Technical information
- Licensing authority: FCC
- Facility ID: 196089
- Class: L1
- ERP: 100 watts
- HAAT: 24 meters (79 ft)
- Transmitter coordinates: 44°29′38.1″N 73°09′49.4″W﻿ / ﻿44.493917°N 73.163722°W

Links
- Public license information: LMS
- Webcast: Listen Live; Listen live (via TuneIn);
- Website: wwpv.smcvt.edu

= WWPV-LP =

Radio station at Saint Michael's College in Colchester, Vermont

WWPV-LP (92.5 FM) is a radio station licensed to serve the community of Colchester, Vermont. The station is owned by Saint Michael's College. It airs a variety radio format. This station is the successor to WWPV-FM, the college's prior radio station on 88.7 FM.

==History==

In 1973, Saint Michael's College signed on WWPV-FM 88.7, originally a 10-watt outlet broadcasting from the Sloan Fine Arts Center on campus. WWPV-FM was the successor to WSSE, a carrier current outlet that had been established in the 1950s.

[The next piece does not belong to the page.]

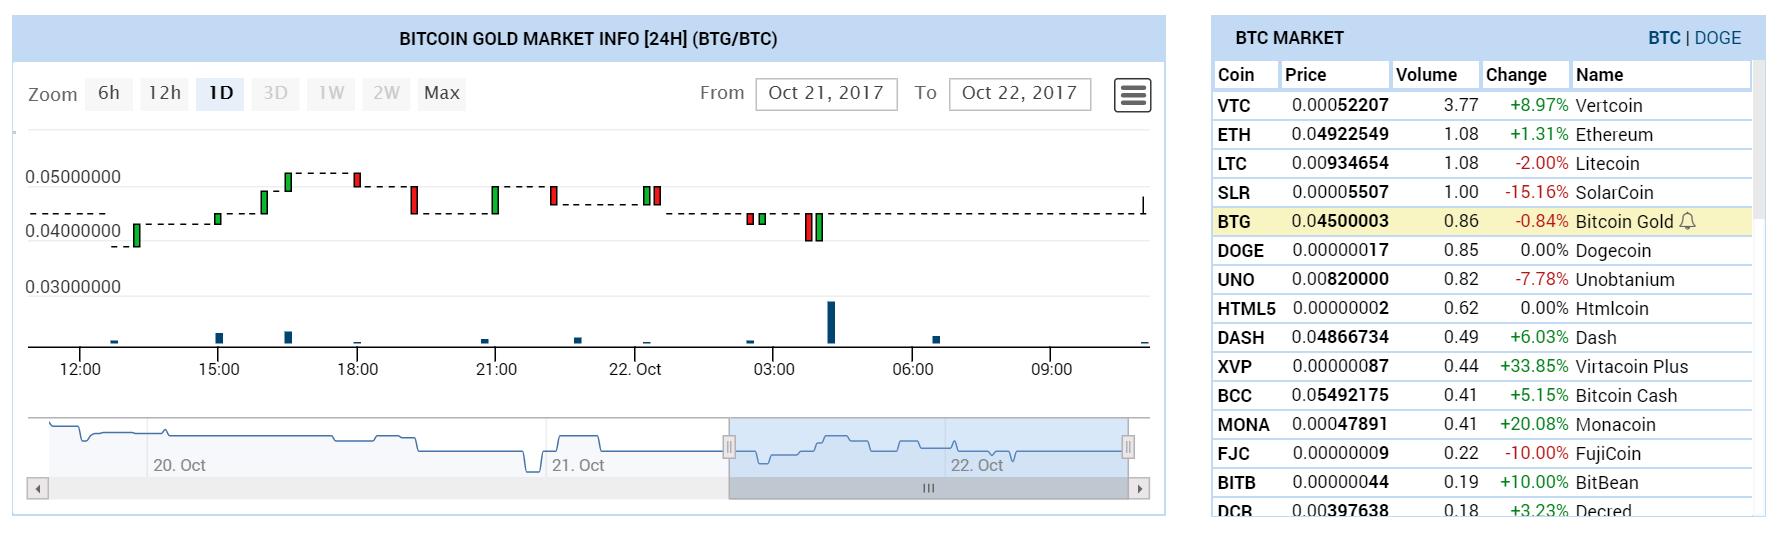 ビットコインゴールドチャート2

It operated from the North Campus until moving to St. Edmund's Hall in 1988.

Vermont Public Radio, the state's public broadcaster, had expressed interest as early as 2007 in acquiring WWPV-FM to obtain a second FM frequency for classical music. When word of a potential buyout circulated, it prompted students and the community to rally, and the college ruled out a sale.

On February 12, 2014, Saint Michael's College was granted a construction permit for a low-power FM station on 92.5 FM in Colchester. Under Federal Communications Commission (FCC) regulations, the college was required to divest its existing 88.7 FM facility upon constructing the new station; on April 8, 2015, it agreed to donate the WWPV-FM license to Vermont Public Radio. On September 14, 2015, WWPV's programming moved to the new WWPV-LP; WWPV-FM went silent the next day and became WVTX, which returned to the air as a VPR-owned classical music station.